Le ventre affolé

evonlise

Une histoire d'amour qui tourne mal

I

IL AURAIT SUFFI DE PRESQUE RIEN, quelques gouttes de ton sperme, pour que j'occupe un temps plein et les attributions les plus prenantes de toute ma vie.

Pour que j'aie mon propre carnet de famille - il me semble que ce carnet n'intéresse plus grand monde mais j'ai un côté nostalgique des choses qui ont marqué mon enfance.

J'ignore si nous nous serions mariés - j'ai initialement écrit "si j'aurais été ta femme" - mais j'aurais été la mère de nos enfants.  

Quand nous nous sommes rencontrés, nous vivions l'un et l'autre à Paris. 

A 2 arrondissements près. Au fil des jours qui ont suivi notre rencontre, mon cœur s'est mis à battre tout à côté du tien. Cette ville que je trouvais repliée sur elle-même m'avait enfermée depuis plusieurs années dans un manque désolant de perspectives. Dans cet oxygène que je trouvai saturé de mots, maux ou râleries, tu as été en ce mois d'octobre ma bouffée d'oxygène. 

Un printemps venant se greffer sur l'automne.

Autour de cette table de café, celle de la première rencontre, j'ai trouvé ton timbre de voix étrangement bas et malgré ton physique très attirant, très mâle alpha, il y avait ce tartre sur tes dents dont je n'ai jamais osé te parler, qui  m'a repoussée.

J'ignore comment mais au fur et à mesure de nos rencontres postérieures, j'ai trouvé en toi une autorité rassurante, une forme de passion irrésistible. 

Je me demande qui a aimé l'autre le premier. Je crois que j'ai aimé te voir m'admirer.

Le désir d'une vie à deux, cette évidence entre nous que tu évoquais et qui faisait frémir mon orgueil ; la solitude que je croyais avoir apprivoisée mais qui ne l'était pas du tout, m'ont rapprochée de toi. Tout près. Mon cœur contre ton corps, mon corps contre ton torse. 

Ton torse au-dessus de moi. Et moi, toute rendue à toi.

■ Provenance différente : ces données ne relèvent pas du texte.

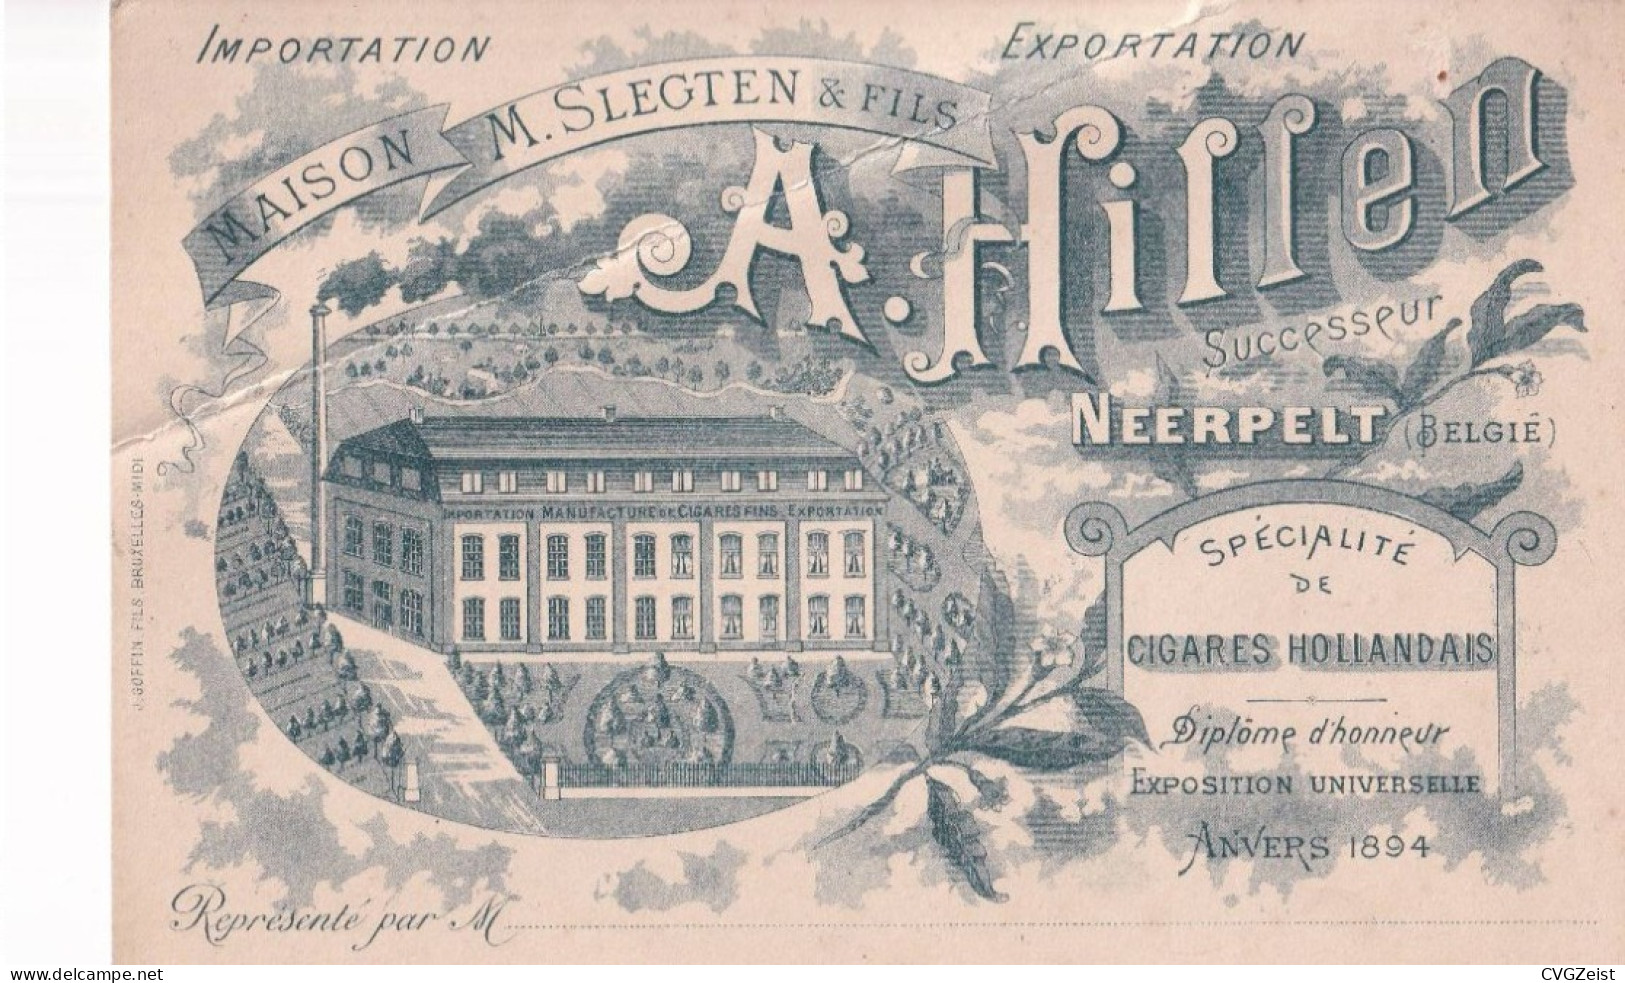 Carte Publicitaire Maison M. Slegten & Fils A Hillen Neerpelt Specialite De Cigares Hollandais Anvers 1894 - Advertising

Tu m'avais dit, au lendemain de la première nuit passée ensemble : "Tu vas me tricoter des pulls en laine ?". Cela m'avait fait rigoler, je n'aurais pu imaginer l'amalgame qui était déjà là.

J'adorais quand tu passais ton doigt sur ma peau comme s'il s'agissait d'un essuie-glace. 

Cela effaçait toutes mes déconvenues. J'écartai alors les jambes, avec le sentiment que cela fermait mes blessures. J'aimais aussi quand tu écartais la couette comme si tu ouvrais une porte pour m'inviter et me laisser passer. 

Je te trouvais beau comme un Dieu. Sculpté comme je n'avais pas vu pareil homme sculpté. Et pourtant, j'en avais vus des hommes...

Avant toi, j'avais été en couple à 3 reprises. 12. 2. 1. an.s. Entre, il y a eu un tiercé perdant d'amants. Ma mère peinait à comprendre mais elle ne me jugeait pas. Elle disait se voir incapable de se jeter dans les bras de nouveaux venus. 

Tu ignores, Maman, la douleur d'une séparation amoureuse, tu n'en as jamais vécue.

Mais en effet, la durée de mes relations se réduisait pendant que je rêvai de voir la peau de mon ventre se gonflait, jusqu'à être toute tendue d'orgueil. 

Les années passant, j'avais de plus en plus envie, peut-être pas d'être maman, mais d'avoir une famille. La mienne. C'est curieux car avec aucun de mes ex-compagnons, je n'avais eu cette envie.

Il faut dire que je prenais un malin plaisir à reproduire ce que j'avais vu petite tout en faisant bien différemment. Que je croyais...

Alors peut-être est-ce l'âge, des doses d'hormones ou tout simplement cette évidence, mais avec toi, l'envie m'est venue. Tout le monde autour de moi s'en étonnait.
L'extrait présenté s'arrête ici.